I didn't even think about that extra element of stupid. I did roll my eyes pretty hard when the first accident got all cleared up and then the semi of contrivance showed up.

 

I call a Meredith pregnancy reveal in the season finale..... :::puke:::

I thought that too when she threw up in the bushes. Not that I think throwing up is an unreasonable reaction to what she just experienced, but it still seemed like a possible foreshadowing.

 

I actually kinda liked Derek's commentary. I can only imagine how horrifying it would be to know how you should be treated, and not be able to do anything while people did the wrong thing, which you knew would lead to your death. I even liked how calm and analytical he was about it, like he was sort of detached, and kind of viewing himself as a patient, rather than as his own dying self. A little melodramatic, sure. I liked it anyway.

 

But I agree that his death sucked, both the way it happened and the fact that it happened at all. I agree that it sucked that so one in his life was around for his death.
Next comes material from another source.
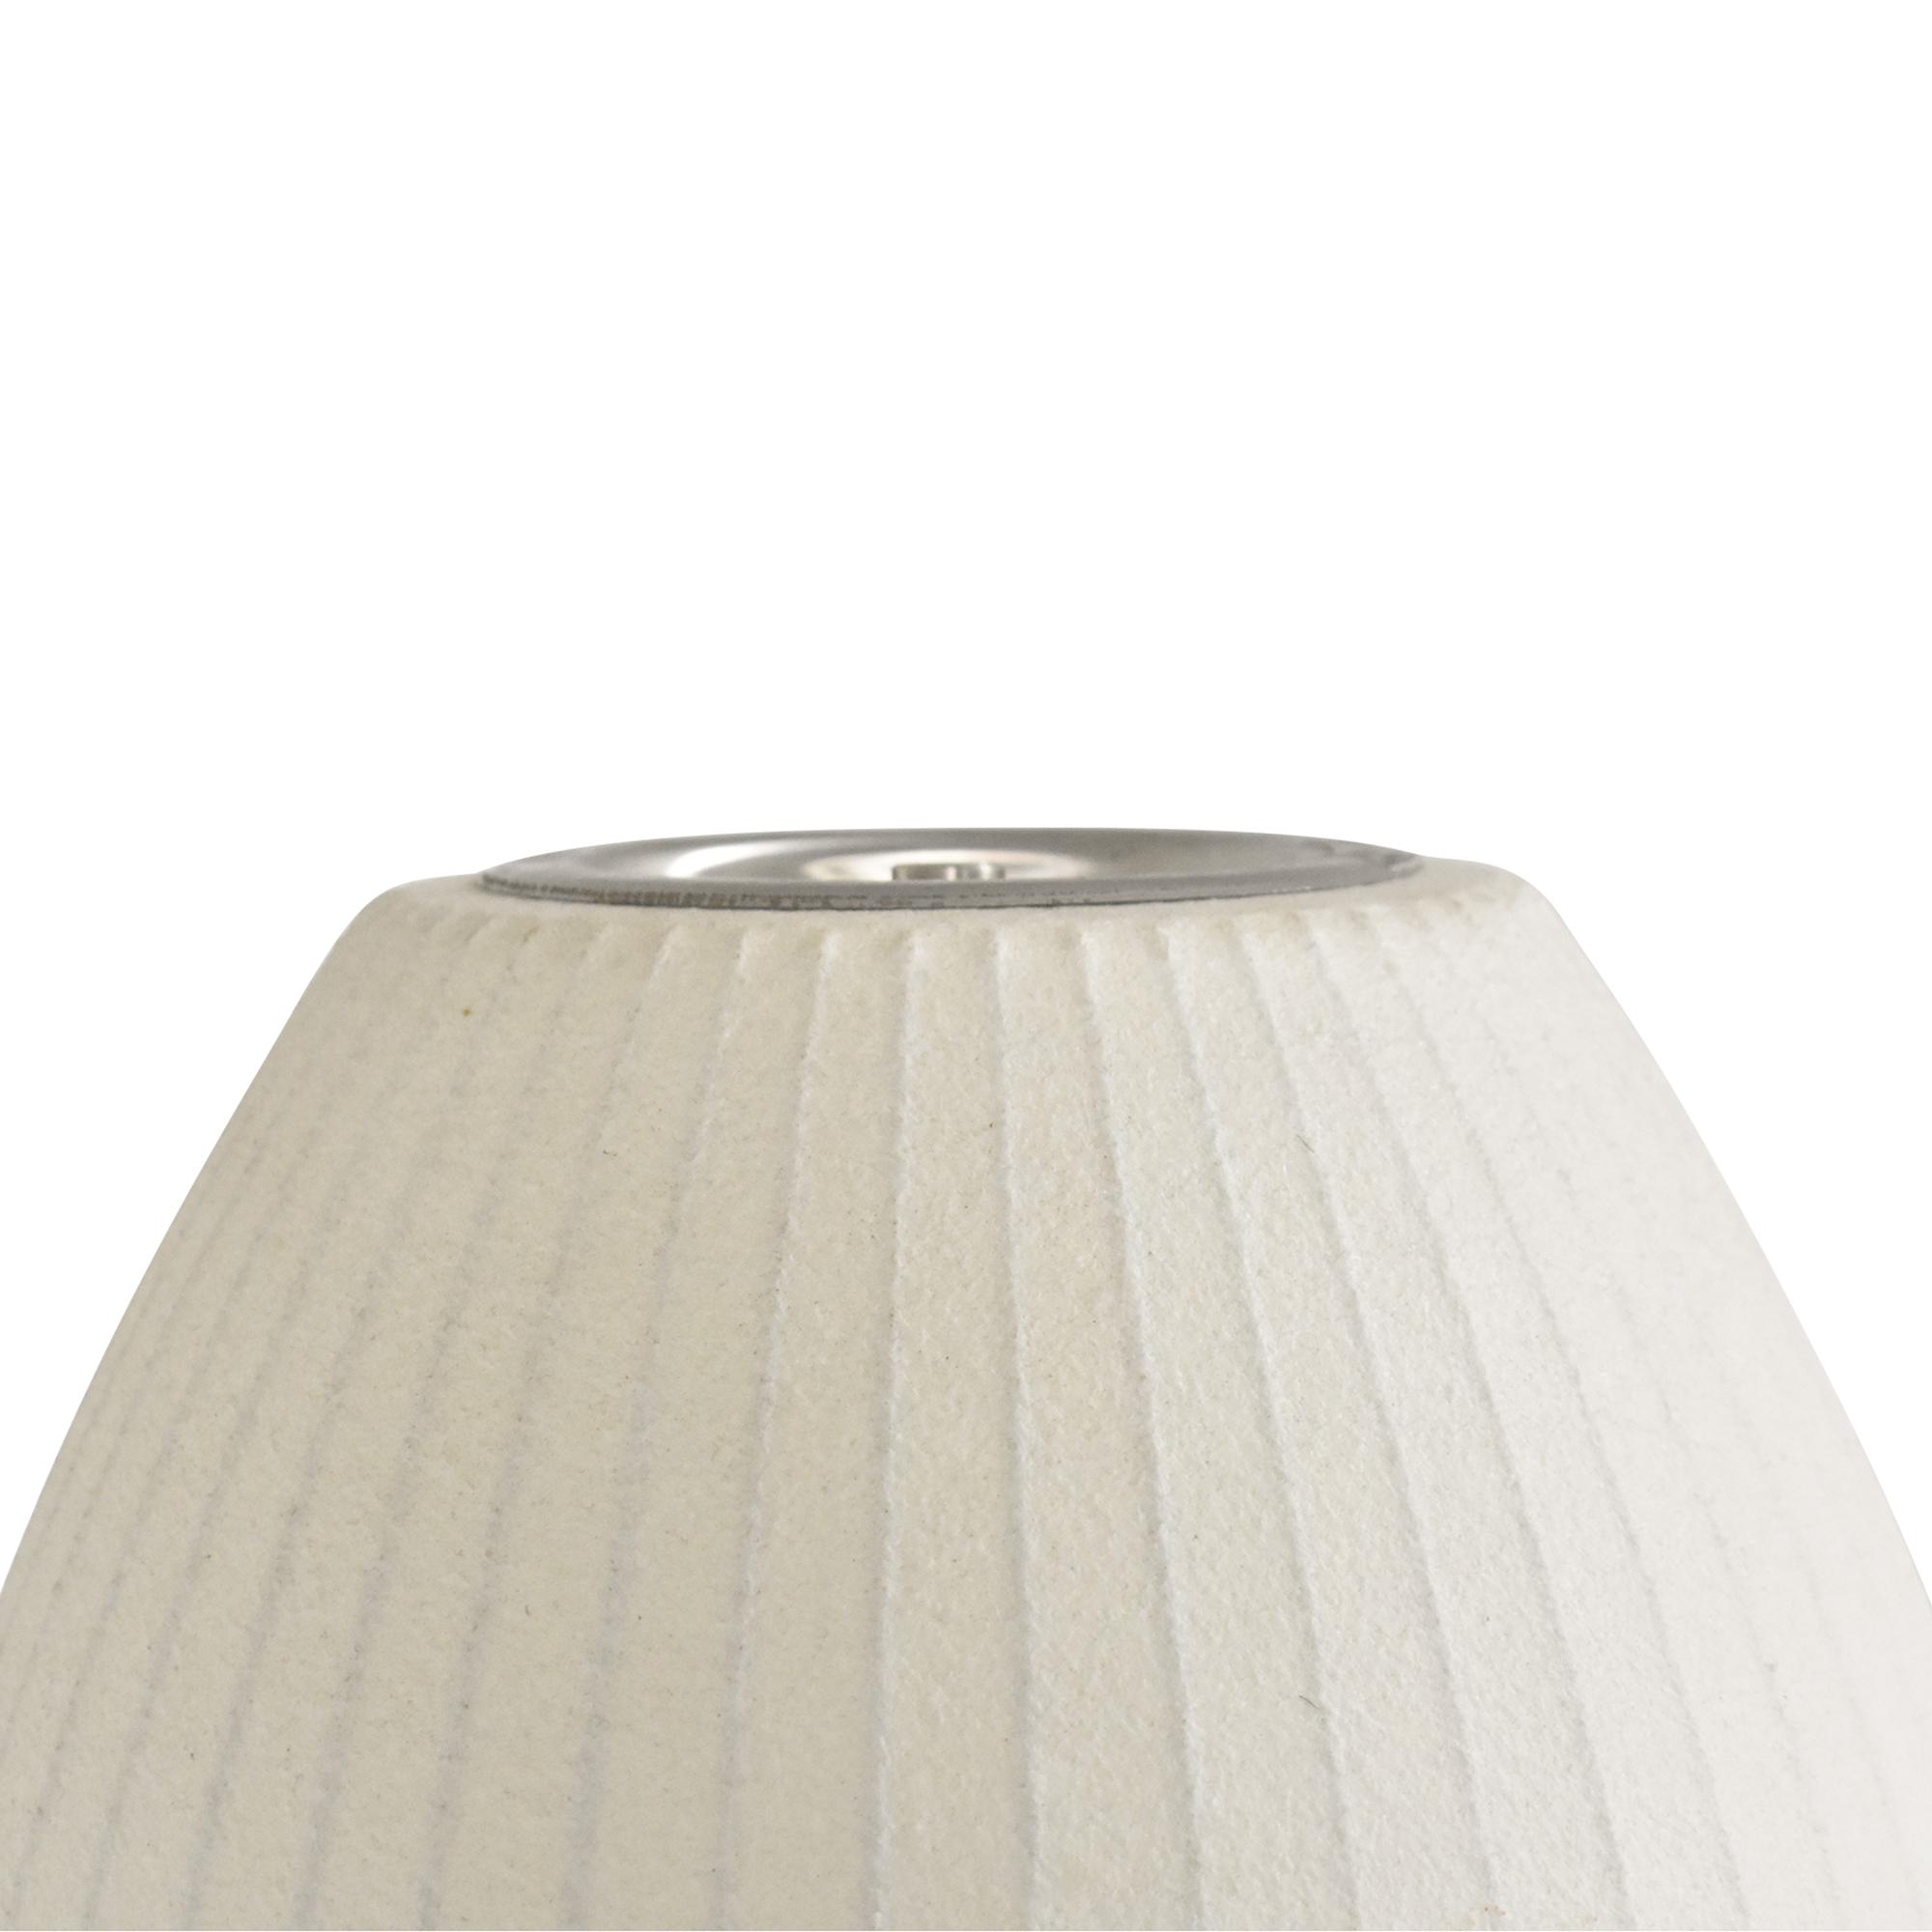 Modernica Modernica Nelson Cigar Lotus Floor Lamp ma

I agree that it is bound to suck next week when a lot of really key people are missing — specifically, Derek's family and Cristina. Derek's family, obviously, but Cristina, because, although she may not be able to take on the day-to-day responsibilities of being Meredith's Person, I don't buy for one second that that woman would not be on the first flight to Seattle the second she heard about this. As lame as an offscreen funeral and whatnot would be, the only way they can make the absence of all these people even remotely legit is if they skip forward by a few weeks.

 

Anyway, as I've said before, I'll keep watching, but I have no intentions of buying or rewatching this season.